#### [WORK ITEM]
Below are the lines to check; count those holding the string "piece" and give only the number.

[Collected data entries]
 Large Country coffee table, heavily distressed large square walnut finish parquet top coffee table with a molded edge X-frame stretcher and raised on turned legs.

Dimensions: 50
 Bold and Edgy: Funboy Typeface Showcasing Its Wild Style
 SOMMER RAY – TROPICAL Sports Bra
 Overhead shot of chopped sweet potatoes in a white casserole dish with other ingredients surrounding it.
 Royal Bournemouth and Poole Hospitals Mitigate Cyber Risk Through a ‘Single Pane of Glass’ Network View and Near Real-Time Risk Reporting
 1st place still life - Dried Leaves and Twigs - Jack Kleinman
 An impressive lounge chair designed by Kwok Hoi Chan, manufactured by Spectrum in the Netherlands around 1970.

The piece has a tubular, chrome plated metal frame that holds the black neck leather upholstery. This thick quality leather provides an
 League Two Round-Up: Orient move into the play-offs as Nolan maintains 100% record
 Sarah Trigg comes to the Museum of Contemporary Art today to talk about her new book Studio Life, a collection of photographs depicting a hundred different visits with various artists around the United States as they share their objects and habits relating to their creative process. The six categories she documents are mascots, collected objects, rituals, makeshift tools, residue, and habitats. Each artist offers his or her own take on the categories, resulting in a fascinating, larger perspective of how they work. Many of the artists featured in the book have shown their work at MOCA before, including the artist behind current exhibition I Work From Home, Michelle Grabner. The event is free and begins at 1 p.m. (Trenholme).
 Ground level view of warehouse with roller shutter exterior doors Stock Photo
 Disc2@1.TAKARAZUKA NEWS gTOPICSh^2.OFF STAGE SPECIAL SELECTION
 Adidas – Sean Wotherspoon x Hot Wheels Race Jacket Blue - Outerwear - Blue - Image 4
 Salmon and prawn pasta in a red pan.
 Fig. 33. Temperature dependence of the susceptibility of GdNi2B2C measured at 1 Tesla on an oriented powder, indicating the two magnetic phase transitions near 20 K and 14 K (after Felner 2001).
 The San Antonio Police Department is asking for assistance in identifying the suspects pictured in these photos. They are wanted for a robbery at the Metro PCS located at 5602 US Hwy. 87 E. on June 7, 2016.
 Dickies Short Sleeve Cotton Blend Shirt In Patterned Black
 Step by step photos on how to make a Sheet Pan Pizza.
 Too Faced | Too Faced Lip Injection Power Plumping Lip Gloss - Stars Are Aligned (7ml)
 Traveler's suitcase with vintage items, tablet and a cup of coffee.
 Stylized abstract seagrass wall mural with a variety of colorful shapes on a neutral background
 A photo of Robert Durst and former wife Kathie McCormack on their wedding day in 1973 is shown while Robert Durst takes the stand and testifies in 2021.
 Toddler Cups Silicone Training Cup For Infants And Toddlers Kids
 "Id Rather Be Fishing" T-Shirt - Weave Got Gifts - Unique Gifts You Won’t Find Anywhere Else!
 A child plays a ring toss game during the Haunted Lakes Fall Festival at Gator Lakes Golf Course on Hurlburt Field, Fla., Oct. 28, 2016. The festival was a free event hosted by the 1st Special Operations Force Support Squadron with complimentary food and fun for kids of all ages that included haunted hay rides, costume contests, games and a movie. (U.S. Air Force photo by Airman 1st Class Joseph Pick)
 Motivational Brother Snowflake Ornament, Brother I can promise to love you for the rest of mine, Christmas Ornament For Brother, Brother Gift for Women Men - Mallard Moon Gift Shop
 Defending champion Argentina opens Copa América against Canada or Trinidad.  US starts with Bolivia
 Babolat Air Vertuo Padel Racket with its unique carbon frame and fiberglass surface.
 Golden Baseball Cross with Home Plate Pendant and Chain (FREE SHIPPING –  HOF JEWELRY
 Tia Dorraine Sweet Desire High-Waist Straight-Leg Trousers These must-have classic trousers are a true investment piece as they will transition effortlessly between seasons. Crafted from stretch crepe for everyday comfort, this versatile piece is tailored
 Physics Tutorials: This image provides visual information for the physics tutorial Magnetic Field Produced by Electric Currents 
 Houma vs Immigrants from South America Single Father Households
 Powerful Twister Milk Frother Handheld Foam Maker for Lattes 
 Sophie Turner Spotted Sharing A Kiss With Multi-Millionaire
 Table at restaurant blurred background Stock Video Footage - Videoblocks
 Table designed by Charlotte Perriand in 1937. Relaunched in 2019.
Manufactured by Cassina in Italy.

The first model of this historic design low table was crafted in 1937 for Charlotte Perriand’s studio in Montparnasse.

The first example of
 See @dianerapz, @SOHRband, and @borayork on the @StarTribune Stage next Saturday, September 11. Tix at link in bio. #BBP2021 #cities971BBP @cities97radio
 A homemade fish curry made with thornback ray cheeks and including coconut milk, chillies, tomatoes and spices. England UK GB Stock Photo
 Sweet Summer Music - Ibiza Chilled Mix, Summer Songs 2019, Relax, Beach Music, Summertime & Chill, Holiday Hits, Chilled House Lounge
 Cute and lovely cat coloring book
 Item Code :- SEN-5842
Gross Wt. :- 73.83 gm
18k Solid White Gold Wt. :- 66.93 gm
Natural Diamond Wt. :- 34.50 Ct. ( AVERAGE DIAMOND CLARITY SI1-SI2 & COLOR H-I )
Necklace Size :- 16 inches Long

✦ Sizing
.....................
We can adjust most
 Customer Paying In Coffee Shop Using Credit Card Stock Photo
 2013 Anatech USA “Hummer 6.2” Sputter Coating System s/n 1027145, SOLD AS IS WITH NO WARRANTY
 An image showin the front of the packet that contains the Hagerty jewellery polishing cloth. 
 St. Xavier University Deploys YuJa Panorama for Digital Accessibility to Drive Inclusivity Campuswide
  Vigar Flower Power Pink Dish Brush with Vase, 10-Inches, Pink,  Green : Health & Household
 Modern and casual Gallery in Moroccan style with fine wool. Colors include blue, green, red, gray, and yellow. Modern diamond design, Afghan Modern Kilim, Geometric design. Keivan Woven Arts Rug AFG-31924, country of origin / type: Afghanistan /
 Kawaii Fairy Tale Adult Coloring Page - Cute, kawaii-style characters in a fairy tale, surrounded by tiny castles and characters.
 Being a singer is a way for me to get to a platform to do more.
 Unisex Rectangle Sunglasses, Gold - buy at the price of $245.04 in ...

#### [PROBLEM SOLUTION]
2